Business cannot exist without nature and people, so asking “What’s the bottom line?” when considering a sustainable design is probably not the most appropriate prompt for a meaningful discussion. I’d argue that a better question might be, “What’s love got to do with it?”
Why? If you’re reading this, you can probably think of plenty of reasons. If not, consider these:
What’s the business case for the smell of a morning rain?
What is the dollar value of the song of birds outside your window?
What’s the opportunity cost of helping out your elderly neighbor?
What’s the efficiency of an apple tree?
What’s the ROI on your dog, or your daughter?
You see where I’m going with this. The things we deeply value, and value most, fall outside of the metrics of capitalism. Yet we still slavishly use the metrics of capitalism to measure the value of everything.
If you’re struggling with this — and all of us in the global north should — there are some places for you to explore.
I’m currently re-reading the book Small is Beautiful, Economics as if People Mattered. This is the “influential classic that taught us to value communities over corporations”. The newest edition has a forward by Bill McKibben.
Bill McKibben has also written several books, including Enough. “… this wise and eloquent book argues that we cannot forever grow in reach and power—that we must at last learn how to say, “Enough.””

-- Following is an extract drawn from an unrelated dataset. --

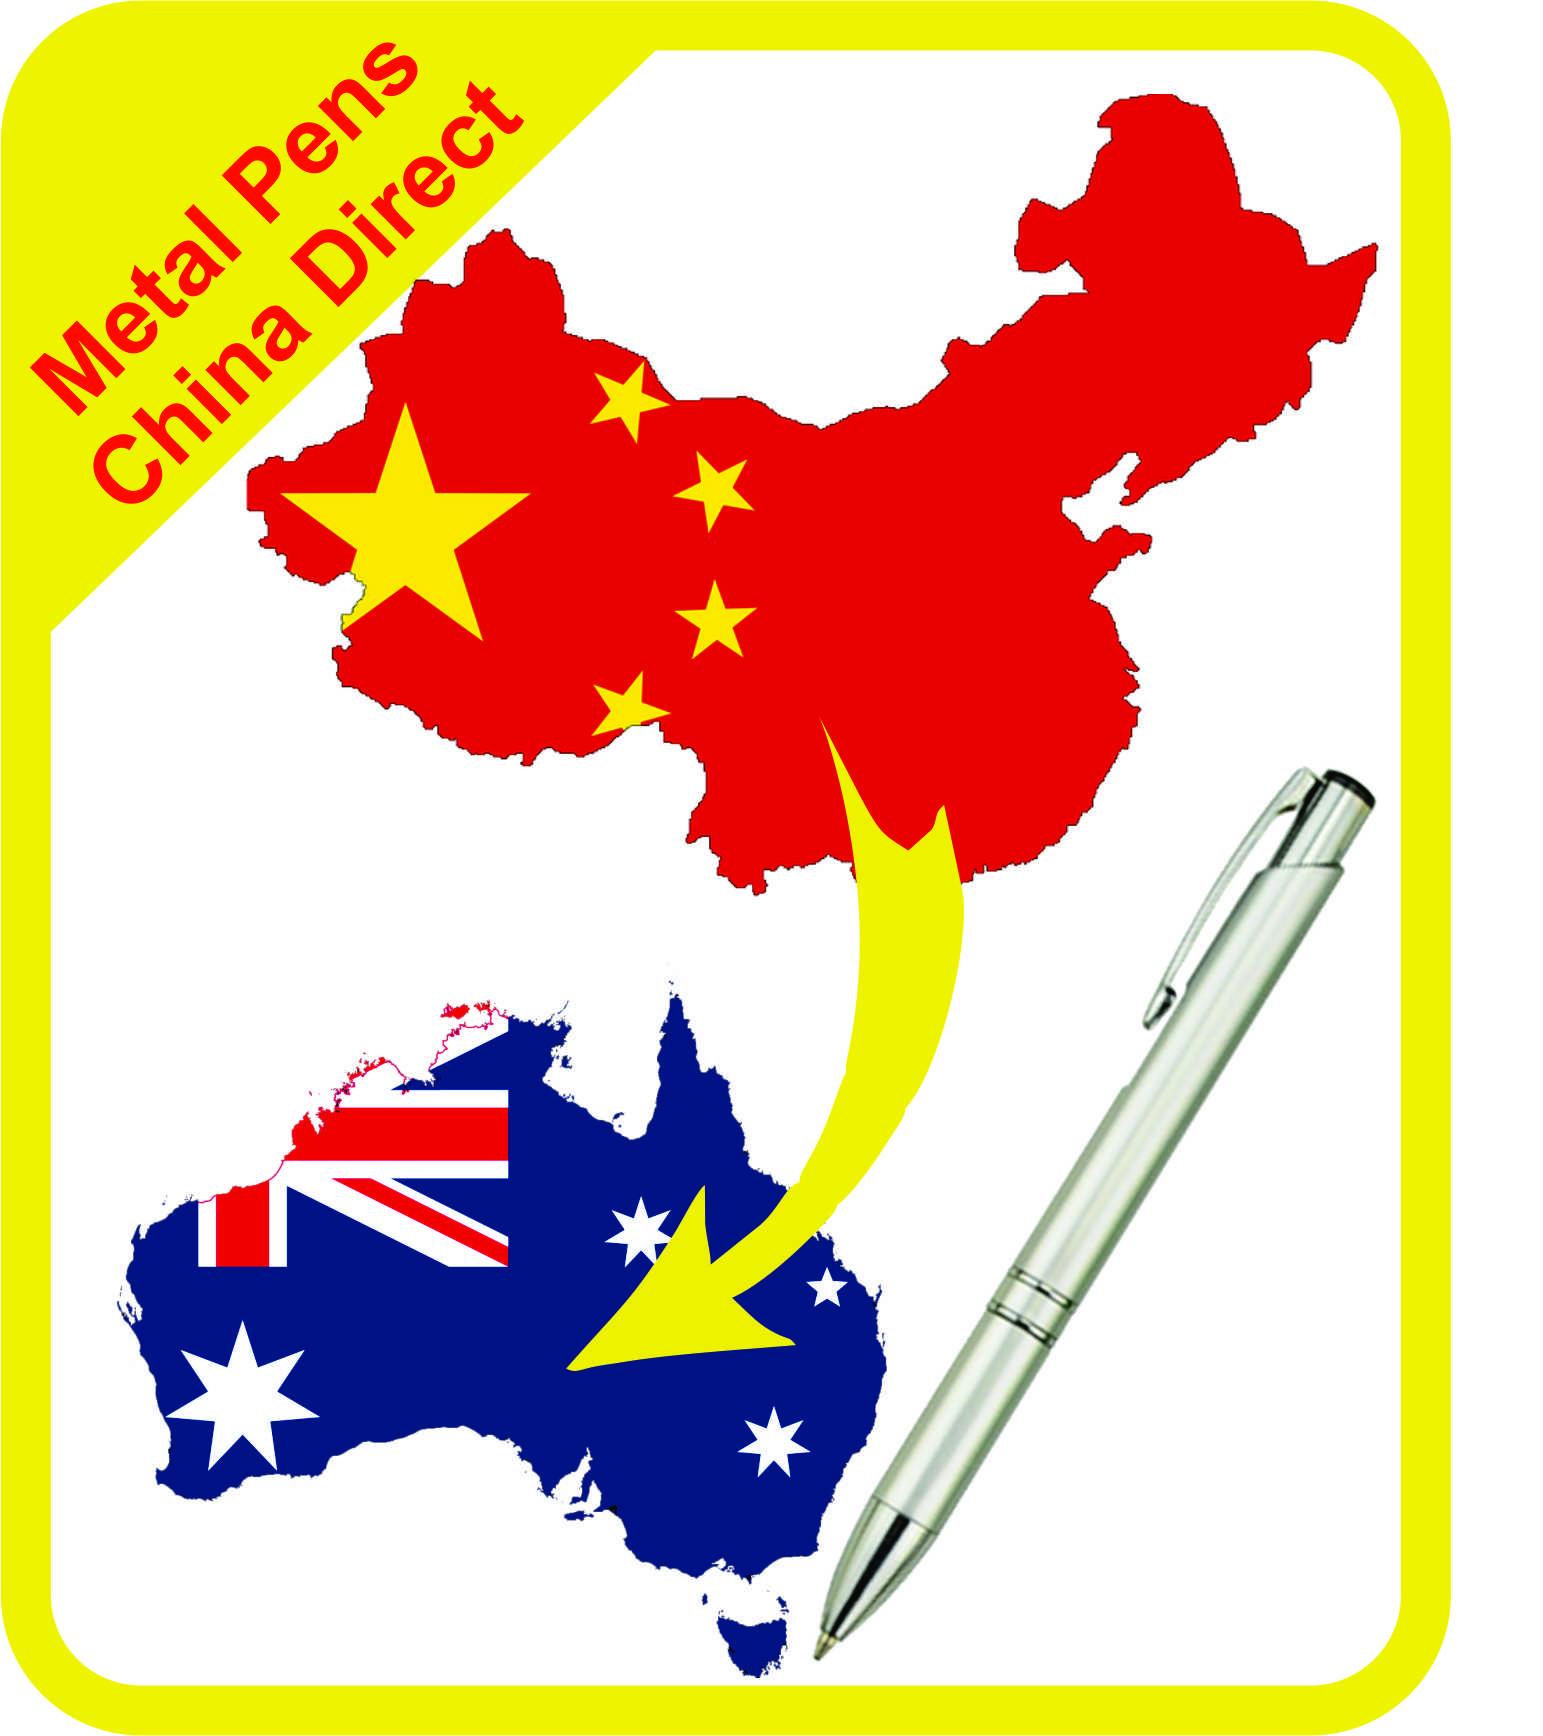 Metal Pens China Direct

If you want to explore your own relationship with money, you can take a look at Your Money or Your Life. Their premise: “No matter what you think money is, there’s one truth about money that applies to everyone: Money is something you trade your life energy for. You pay for money with your time. And the exchange is not as good as you think.”
After you do more exploring, please share your insights with others! If you’re bold, consider interrupting the next business proposal presentation with the question, “What’s love got to do with it?”